# Packaging Bees In Patterson Georgia, VIDEO



## Bill Davis (Jul 16, 2012)

Great video


----------



## gmcharlie (May 9, 2009)

Excellent video... nice job, get Kieth to watch it, he doesn't belive it can be done this way.......at least not fast.... Lots of fun isn't it? see more bees in a hive after you shake than most evre see in a healthy one!


----------



## Keith Jarrett (Dec 10, 2006)

gmcharlie said:


> get Kieth to watch it, he doesn't belive it can be done this way.......at least not fast....


with all due respect........ that is painfully slow.

this week were shaking every day we hope to shake 10-15,000 lbs by the 15th of April. Phil (aka honey4all) is averaging a 1000lbs a day when he shows up if the help doesn't get lost.


----------



## DC Honeybees (Mar 9, 2011)

Wow, did not intend to bring out the competitive endorphins of my fellow beeks. 1,000 lbs of bees a day is awesome. We should all hope to be that efficient!

Jeff.


----------



## Keith Jarrett (Dec 10, 2006)

DC Honeybees said:


> Wow, did not intend to bring out the competitive endorphins of my fellow beeks. .


You didn't Jeff, ole Charlie did. 

That was a nice video, but I have to say my back got sore watching it.


----------



## DC Honeybees (Mar 9, 2011)

HAH!
Thanks Keith.


----------



## Keith Jarrett (Dec 10, 2006)

Jeff, yeah got to watch that ole Charlie, here I was just strolling along reading the thread until my name pop up. got watch that ole sly pooch.


----------



## DC Honeybees (Mar 9, 2011)

Well, to the extent there are politics in everything, I'm in a bit of a disagreement even here locally!

Who thought, when we try to do what's right, minutia would impose on the endeavor.

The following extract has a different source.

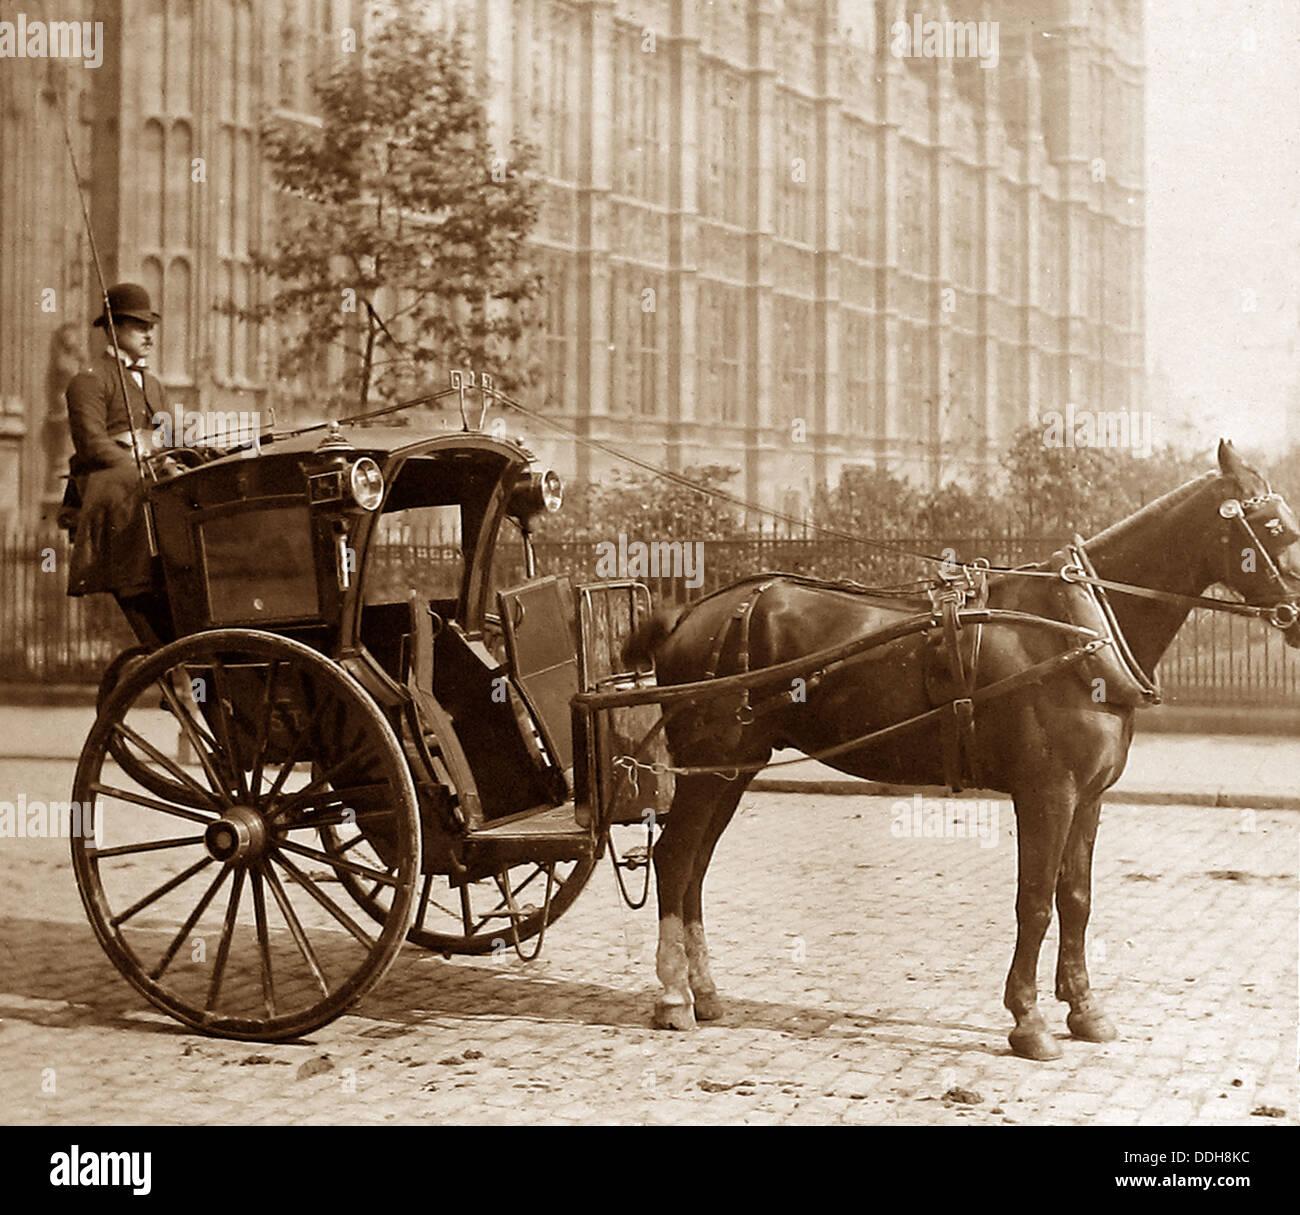 https://i1.wp.com/c8.alamy.com/comp/DDH8KC/london-hansom-cab-victorian-period-DDH8KC.jpg

Very funny. Let's all take our bee winnings to the bank, so that we don't hit the overdraw limit....


----------



## gmcharlie (May 9, 2009)

Keith Jarrett said:


> Jeff, yeah got to watch that ole Charlie, here I was just strolling along reading the thread until my name pop up. got watch that ole sly pooch.

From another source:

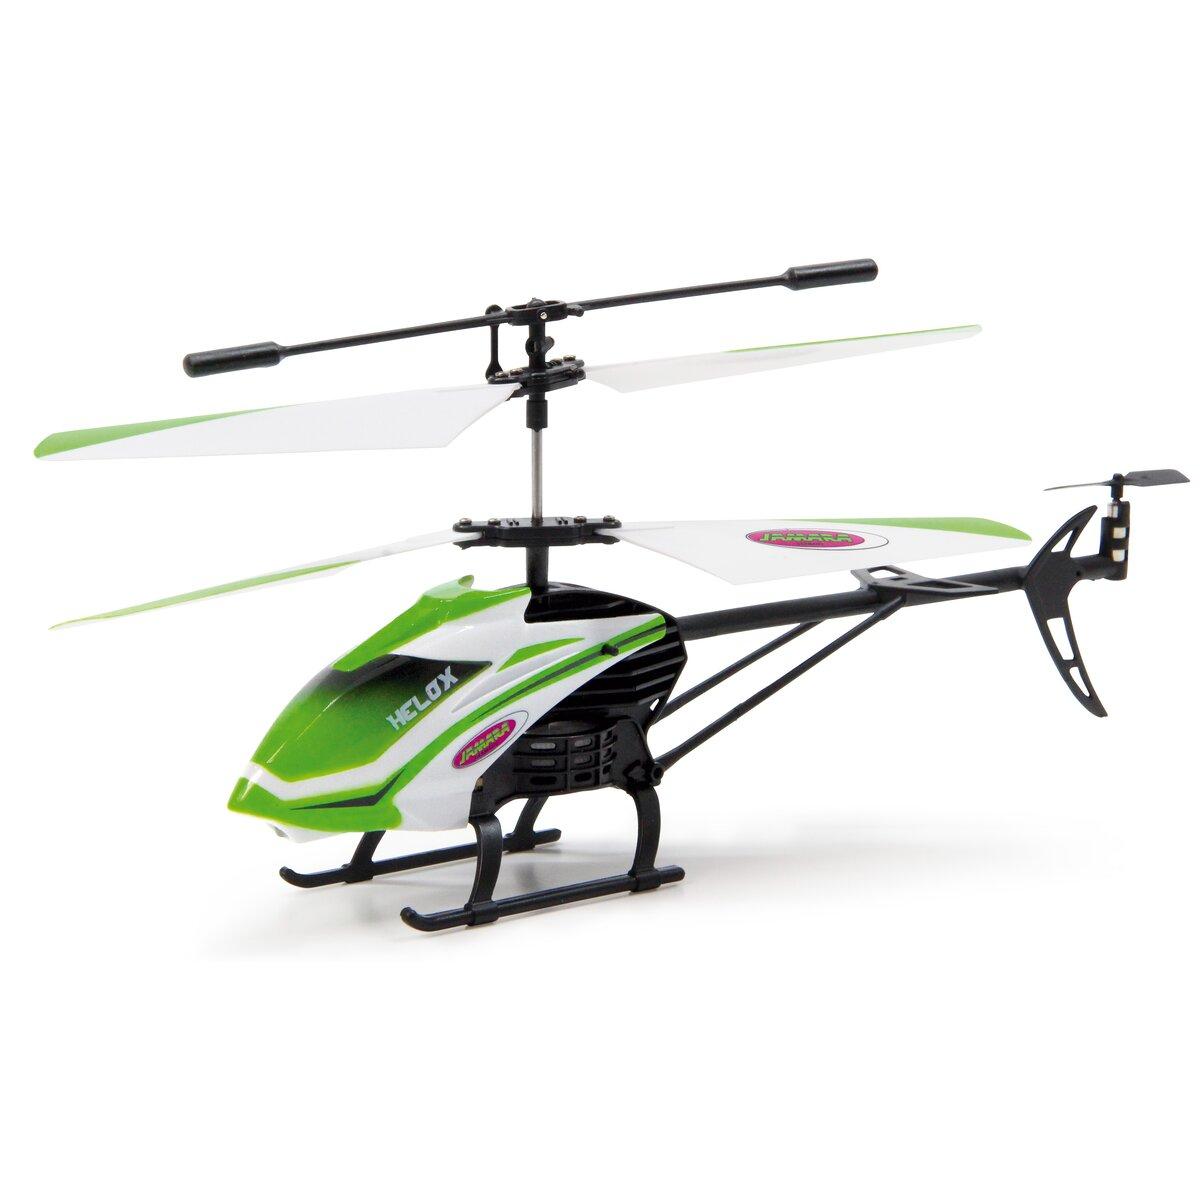 Jamara vrtulník Helox 3+2 Channel Heli Gyro,Light+Demo IR

Didn't say his crew was fast, but there are several out there that are....... Didn't and don't really care how one shakes packages, you were the one last year that called my statement a falshood... FYI Mikes, Roberts and Hardemans crews average a package a minute for a 3 4 man crew........


----------



## gmcharlie (May 9, 2009)

Your right DC my apologies, great post, I have never taped or shared shakeing vidieo!


----------



## Keith Jarrett (Dec 10, 2006)

gmcharlie said:


> crews average a package a minute for a 3 4 man crew........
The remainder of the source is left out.